Ritz was born in the Swiss village of Niederwald, the youngest of 13 children in a poor peasant family.[1] At the age of twelve he was sent as a boarder to the Jesuit college at Sion, and at fifteen, having shown only vaguely artistic leanings, was apprenticed as a sommelier at a hotel in Brig.[2] While working there as an apprentice wine waiter he was dismissed by the patron of the hotel from his position, saying, "You'll never make anything of yourself in the hotel business. It takes a special knack, a special flair, and it's only right that I tell you the truth—you haven't got it.[3] He returned briefly to the Jesuits as a sacristan, then left to seek his fortune in Paris at the time of the 1867 Universal Exhibition.[2]
Ritz's formative five years in Paris, including the siege of 1870-1 during the Franco-Prussian War, gave him sufficient polish and confidence to transform himself from a waiter and general factotum into a maître d'hôtel, manager, and eventually hotelier.[2] After a short stint working at the Hotel de la Fidélité, he worked as a waiter in a workman's bistro and took a position in a prix fixe restaurant, where he was later sacked for breaking too many dishes in his desire to work briskly.[4] He worked his way up from assistant waiter to restaurant manager of a restaurant on the corner of Rue Royale and Rue Saint-Honore, before working at the the high-class Restaurant Voisin between 1869 and 1872.[2] Here he waited on the likes of Sarah Bernhardt, George Sand, Edmond de Goncourt, Théophile Gautier, and Alexandre Dumas,[4] learned the essentials of his trade from the owner, Bellenger, and served up dishes such as elephant's trunk in sauce chasseur as supplies of fresh meat dwindled during the siege and zoo animals took their place.[2]

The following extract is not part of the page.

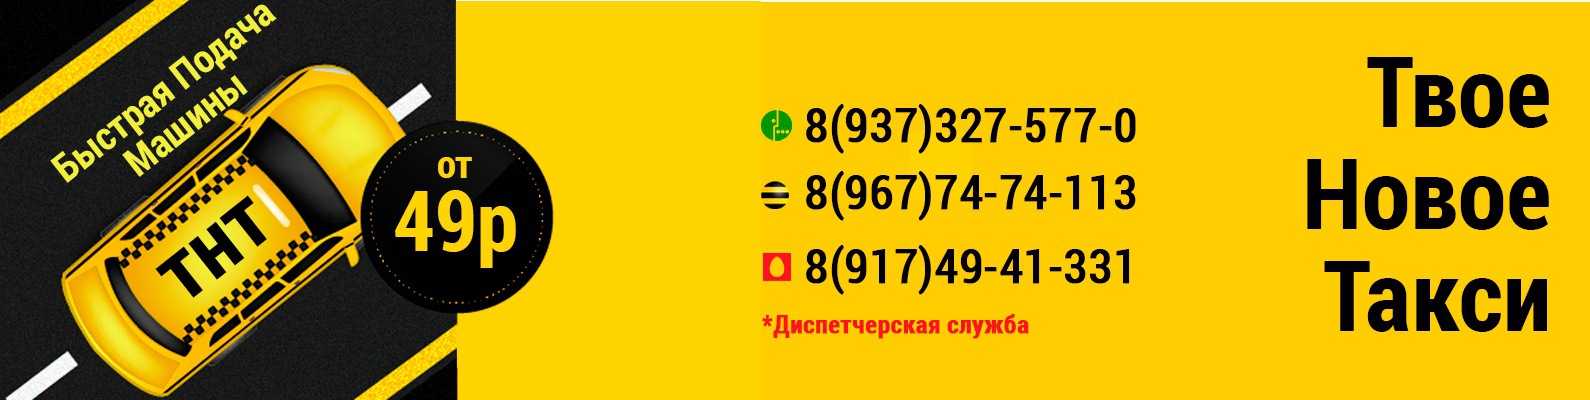 Номер телефона киргиз мияки. Номер такси ТНТ. Такси ТНТ Карталы. Такси ТНТ Мелеуз. Такси Киргиз Мияки номер.
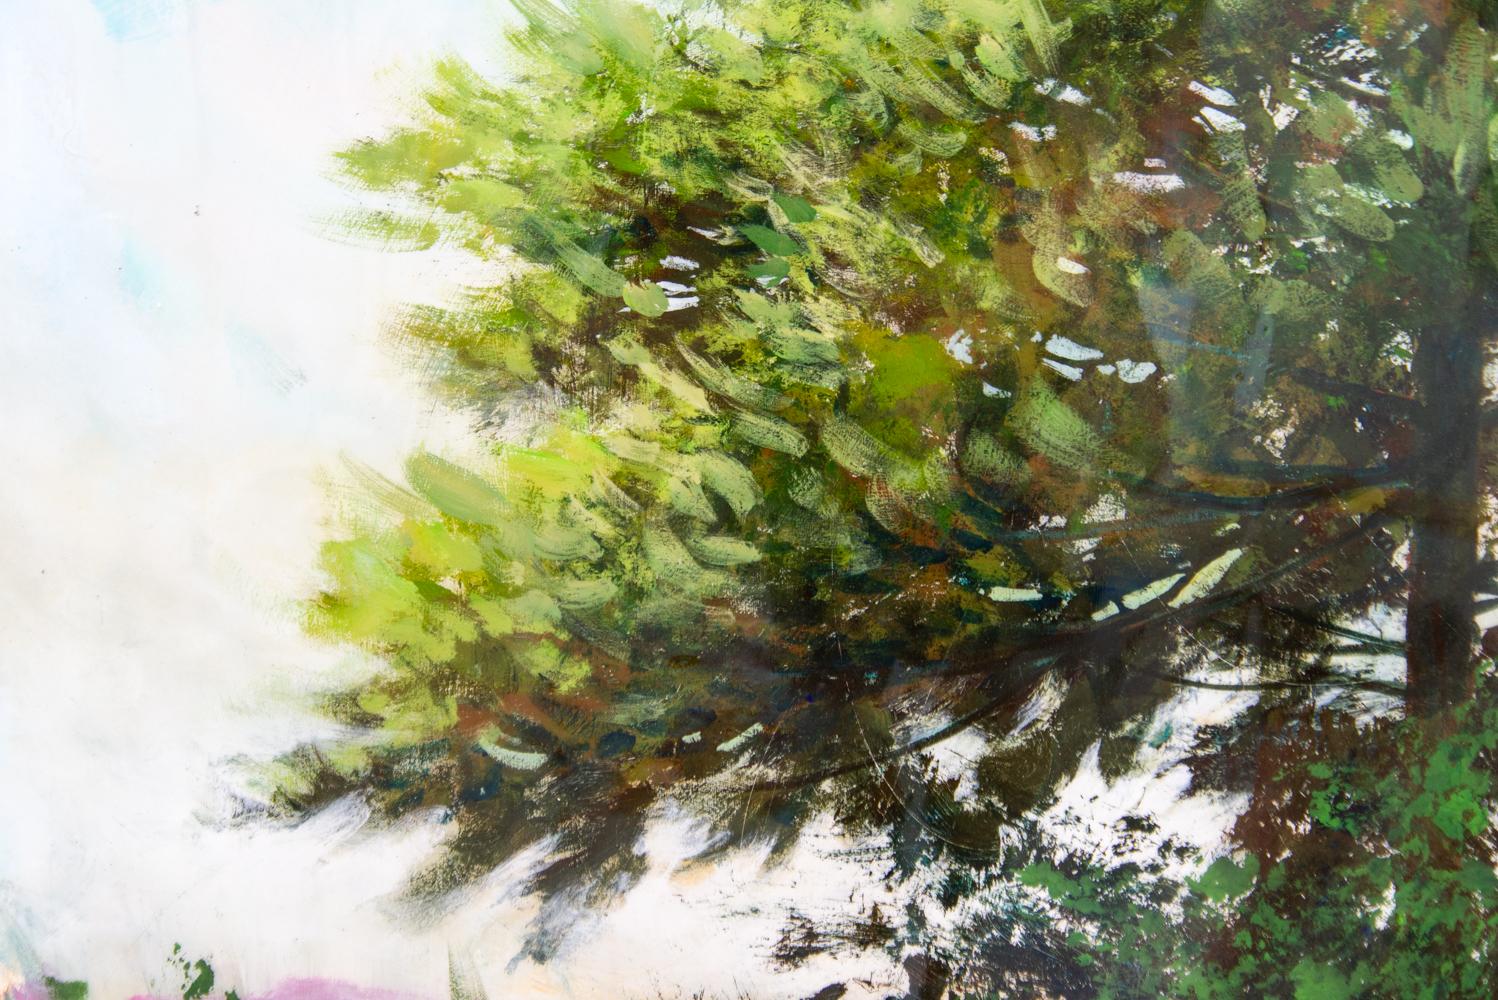 Eine prächtige, ausgewachsene Kiefer steht hoch in dieser ruhigen Landschaft von Peter Hoffer. Das satte Grün der Tannenbäume kontrastiert mit dem tiefen Türkisblau des Himmels und der pastoralen Landschaft. Hoffer hat eine ganze Serie von

In 1872, Ritz became floor waiter of the Hôtel Splendide in Paris, which was one of the most lavish hotels in Europe at the time,[5] where he met many rich, self-made Americans as guests who had a profound effect on him.[2] In 1873 he was a waiter in Vienna at the time of the International Exhibition, by which time he had begun to acquire a considerable knowledge of the industry and the culinary preferences of esteemed people such as the Prince of Wales.[2][5] In the winter of that year his astonishing career in hotel management began when he undertook the direction of the restaurant at the Grand Hôtel in Nice.[2] He once stated that his "years of wandering in the wake of a migratory society had begun".[6] One incident when the central heating packed up and Ritz went out of his way to accommodate the guests and compensate was noticed by Colonel Max Phyffer, the designer of the Grand Hôtel National in Lucerne, who noted his efficiency in a scrapbook. Regular moves then followed, usually twice a year just ahead of the migration of the international tourist set from the hotels of Nice or San Remo in winter to Swiss mountain resorts such as Rigi-Kulm and Lucerne in summer.[2] He had a period working as the maître d'hôtel of the Grand Hôtel in Locarno on the Lake Maggiore, a difficult period given the eccentricities of its alcoholic manager who lived on a diet of raw ham, bread and wine and had a habit of disturbing the guests, ringing bells at 5 am and chasing his wife through the corridors with an army pistol. Ritz meekly commented that "I did what I could to pacify the clients" in the circumstances.[6]